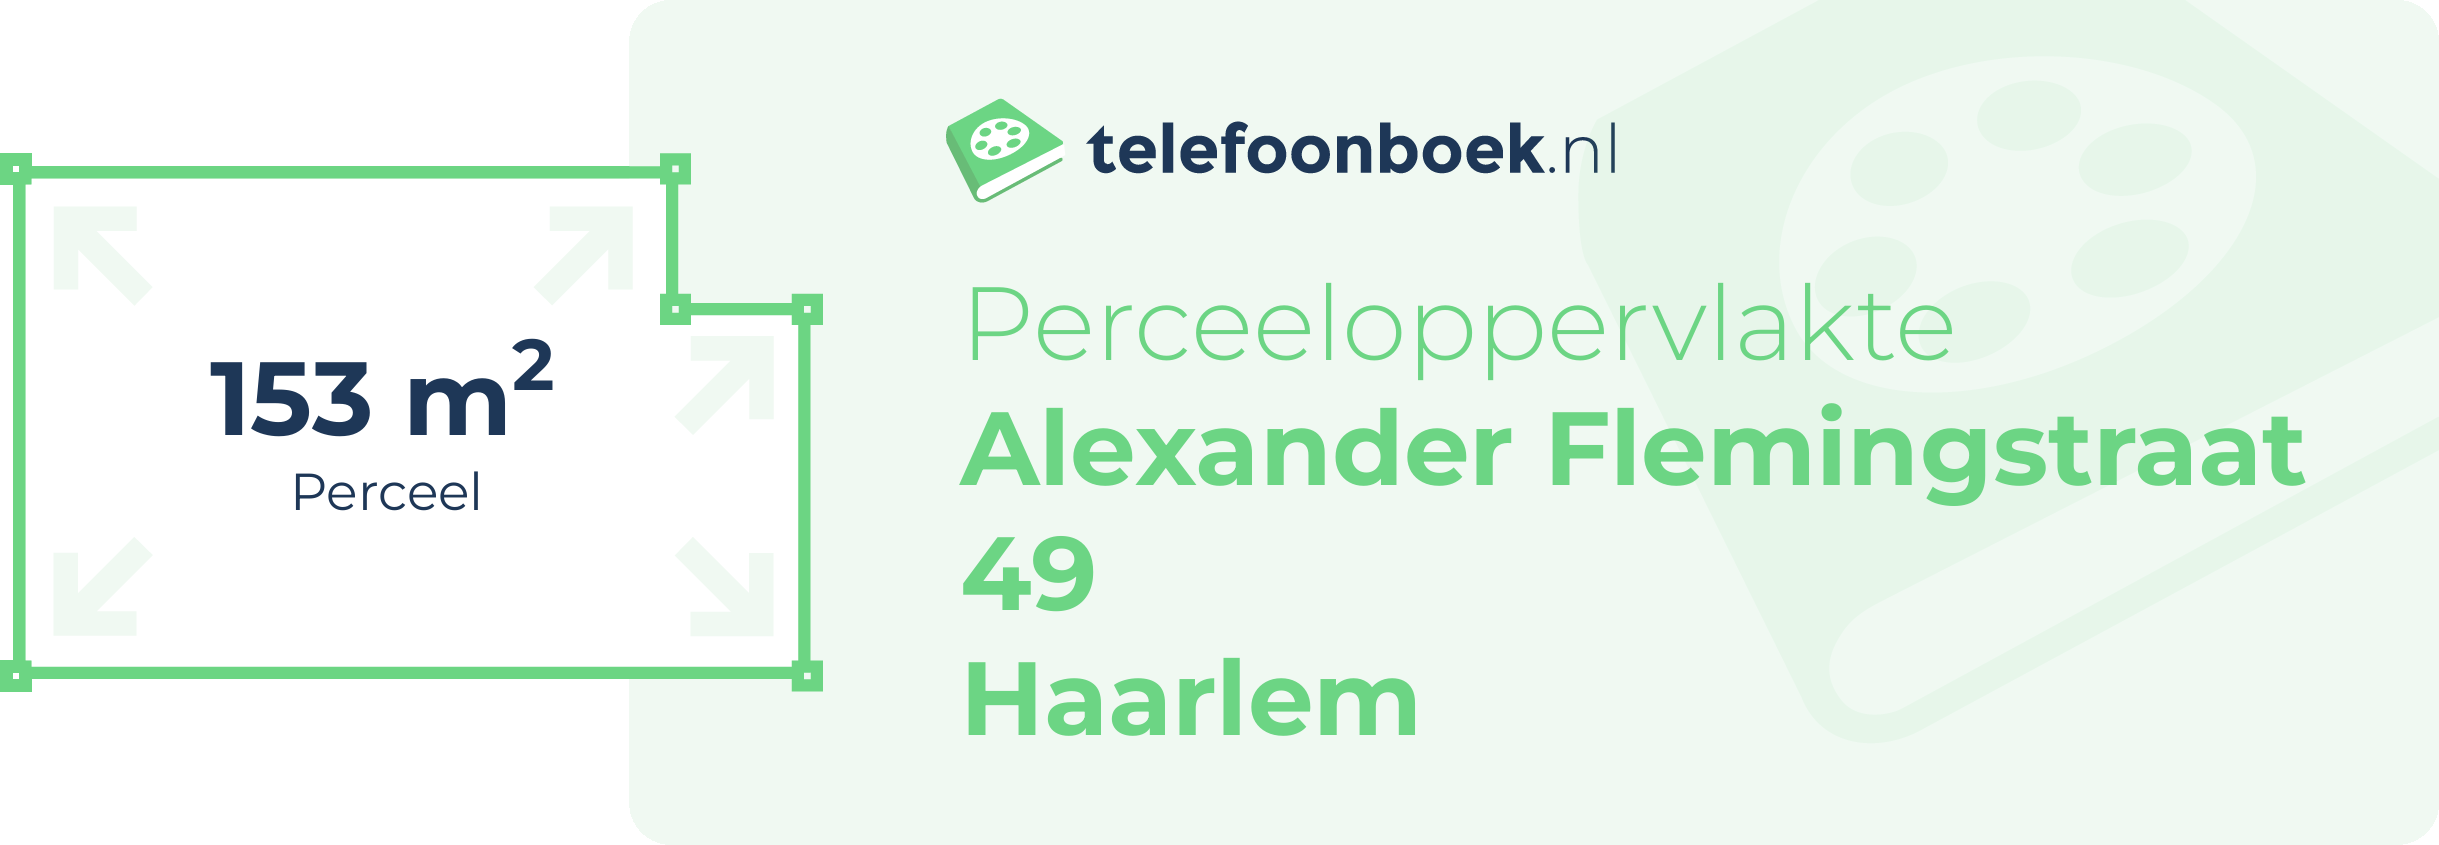 Perceeloppervlakte Alexander Flemingstraat 49 Haarlem
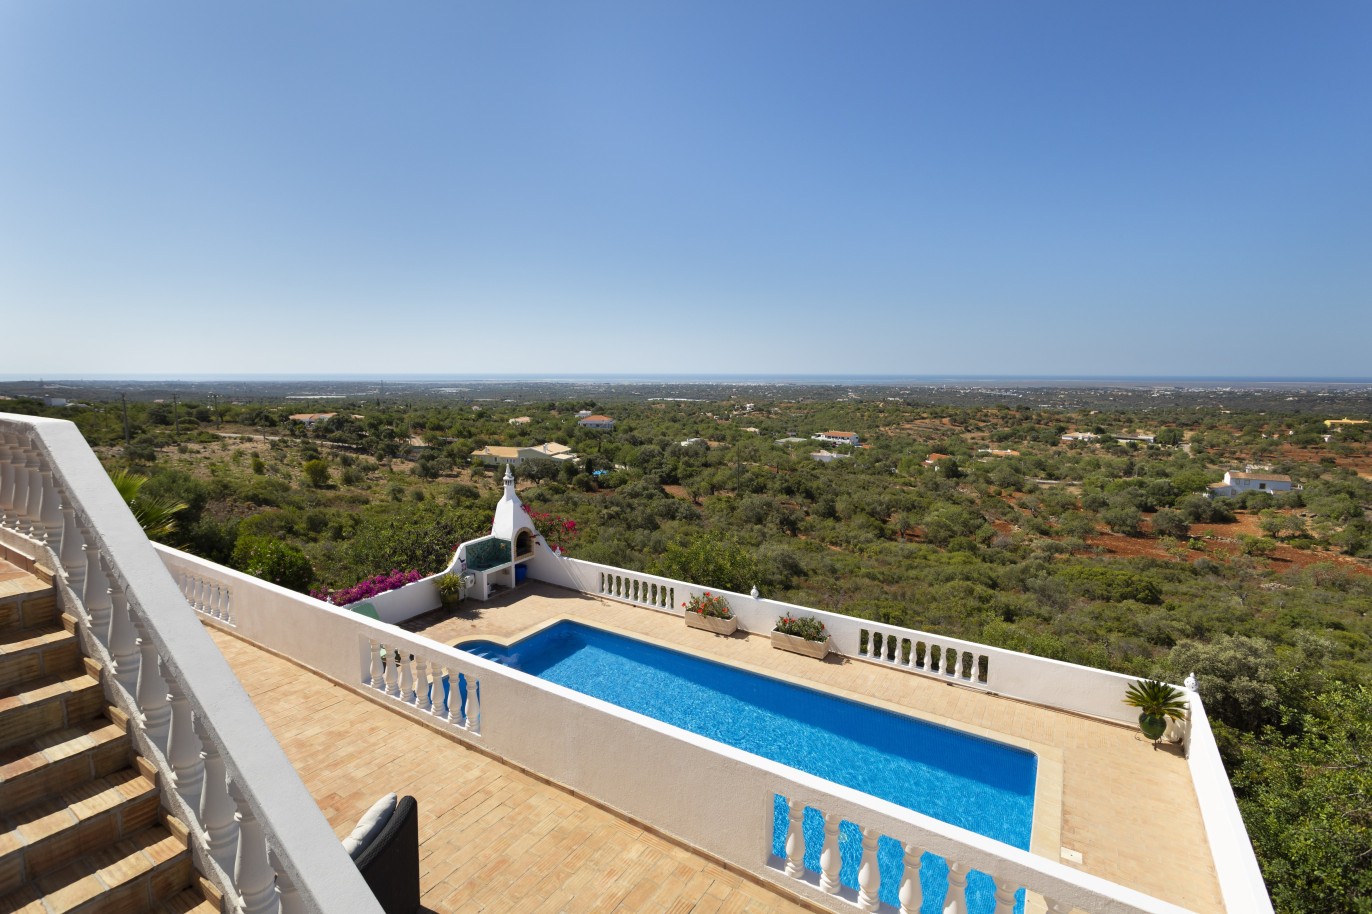 5 bedroom villa with pool and sea view, for sale in Estoi, Algarve_230463
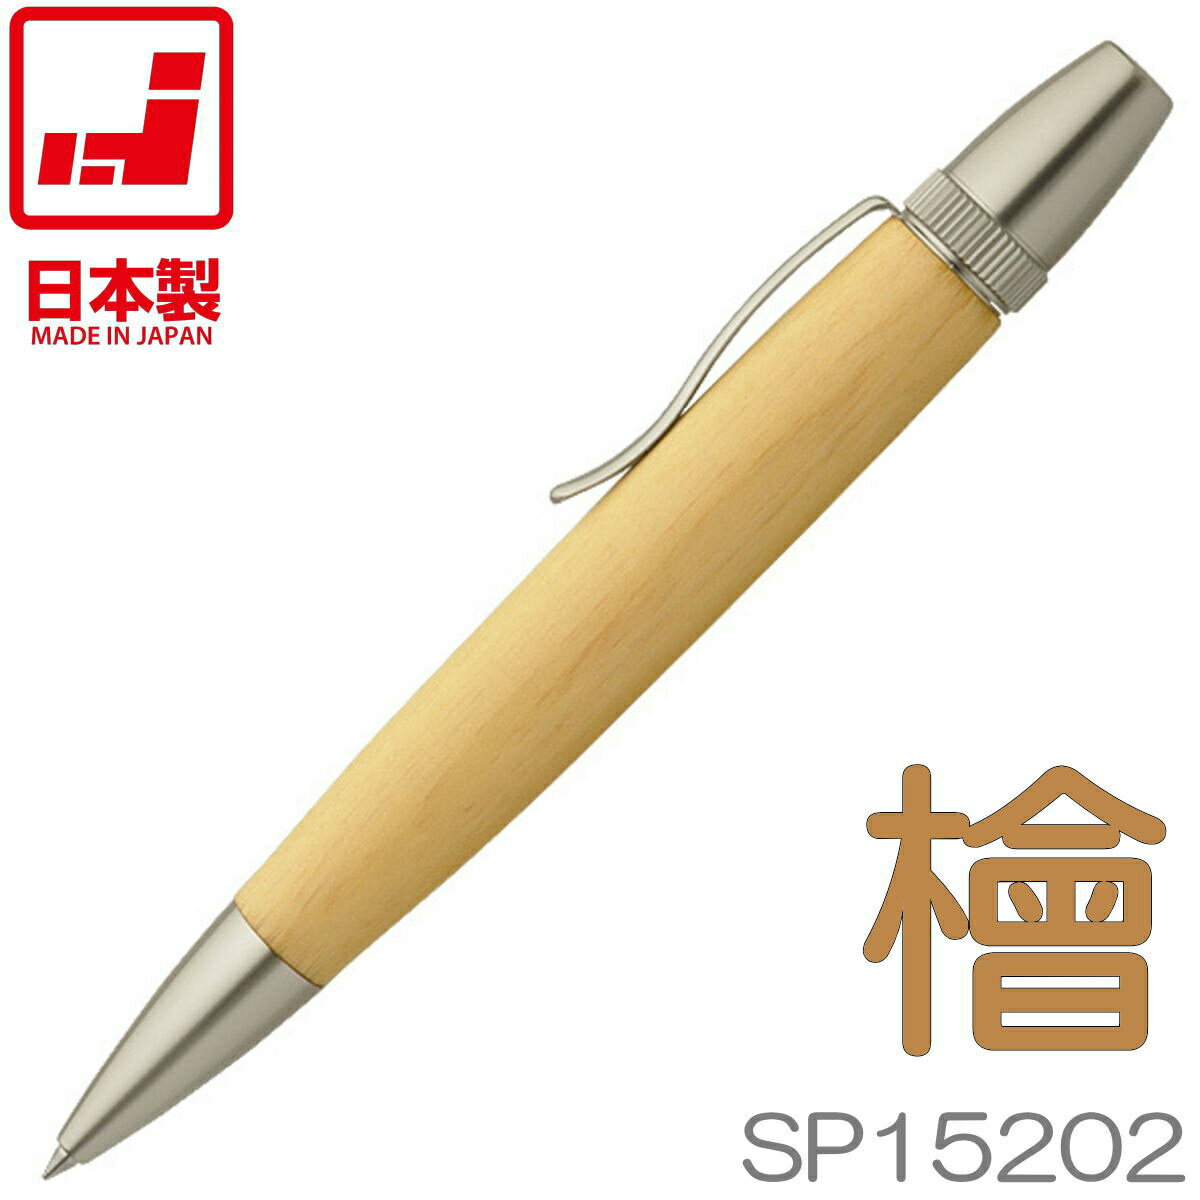 【あす楽】F-STYLE 手作りボールペン | 木曽桧 ヒノキ SP15202 パトリオット | 全長125mm | 日本製 銘木 木製 木軸ペン
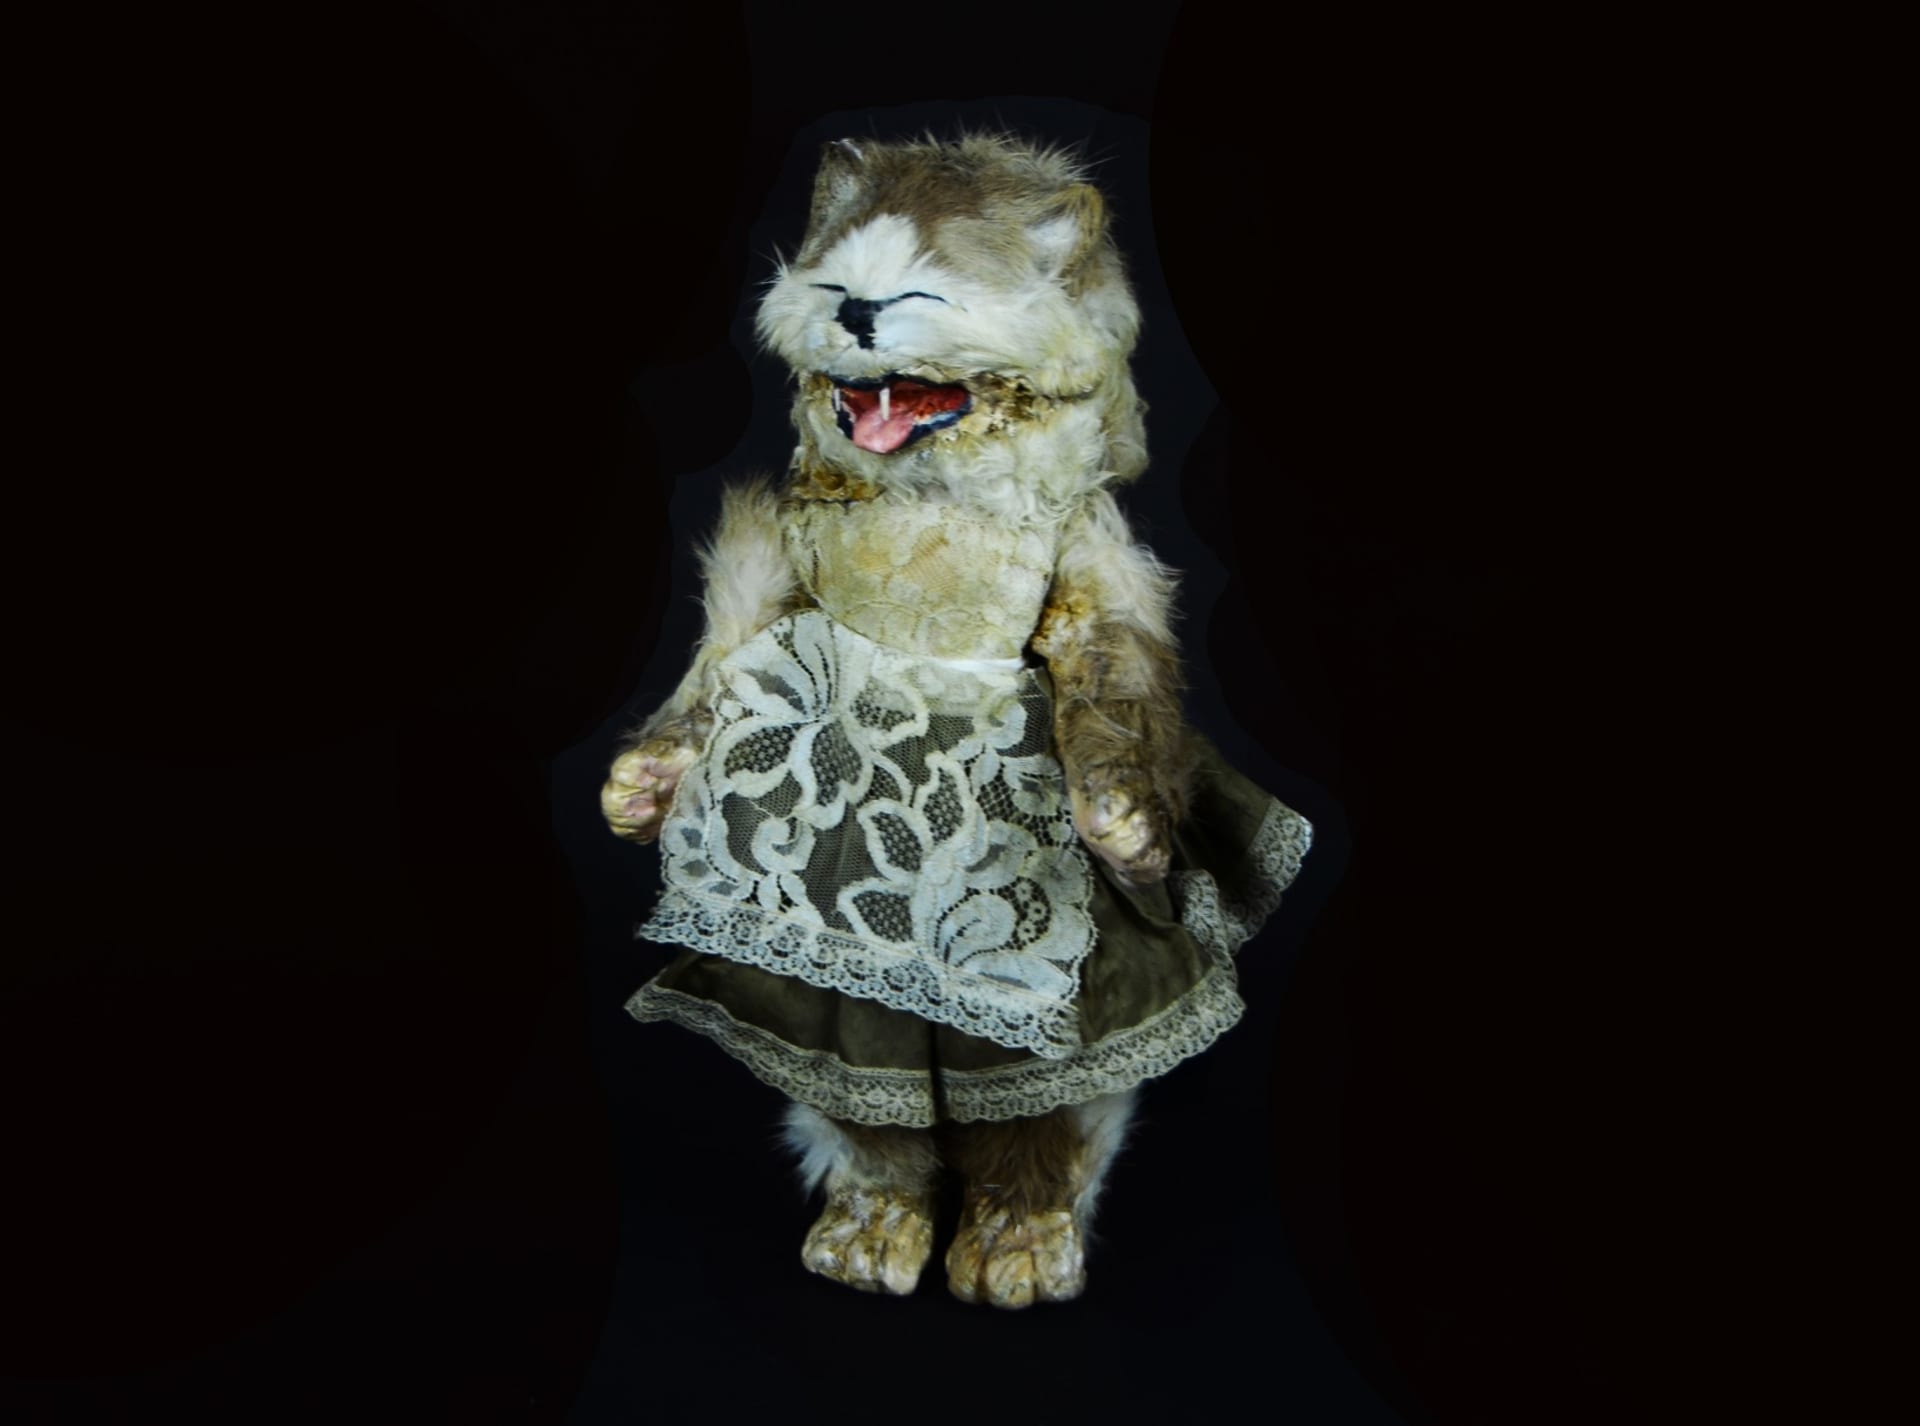 Lidová panenka z poloviny dvacátého století, jež je údajně vytvořená z preparované kočky, kterou se pochlubilo kanadské Muzeum strachu.
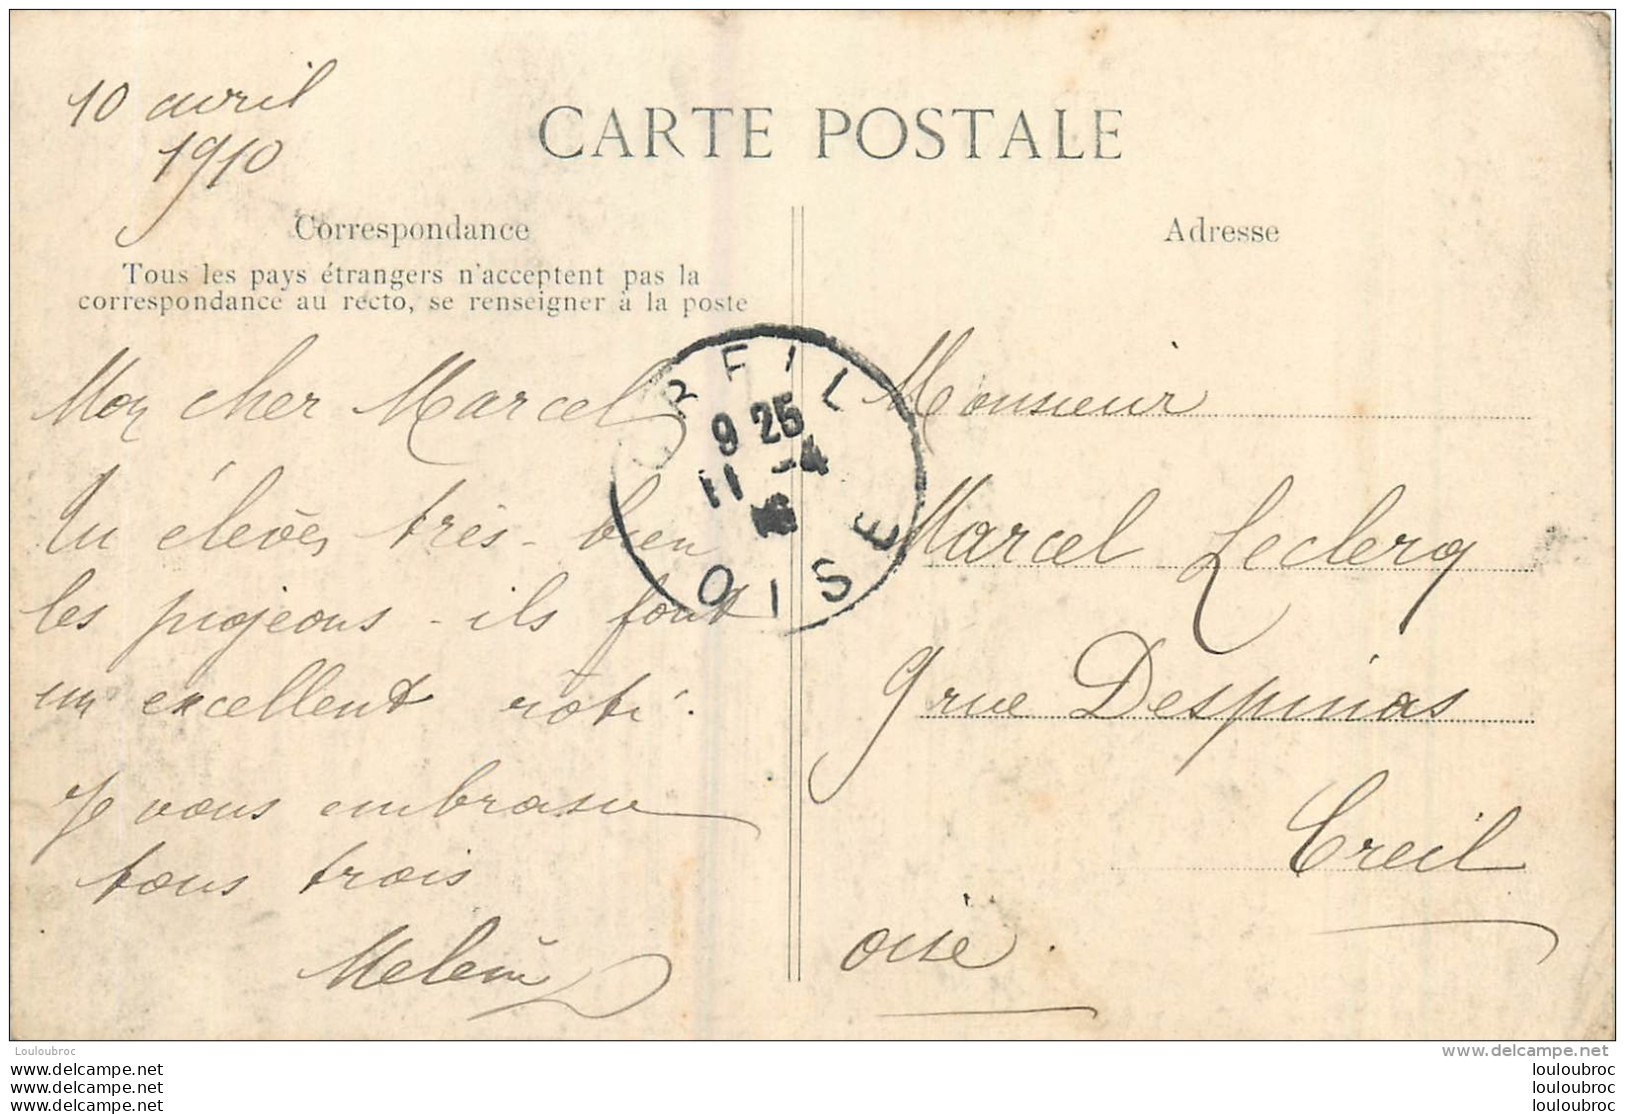 PARIS VII AVENUE RAPP CRUE DE LA SEINE JANVIER 1910 - Arrondissement: 07

Exercise details:
Leave out every picture, and write out exactly the lines from the one with "Lidová panenka z" through the end of the records above, both ends included.

Completed exercise:
 Lidová panenka z poloviny dvacátého století, jež je údajně vytvořená z preparované kočky, kterou se pochlubilo kanadské Muzeum strachu.
 PARIS VII AVENUE RAPP CRUE DE LA SEINE JANVIER 1910 - Arrondissement: 07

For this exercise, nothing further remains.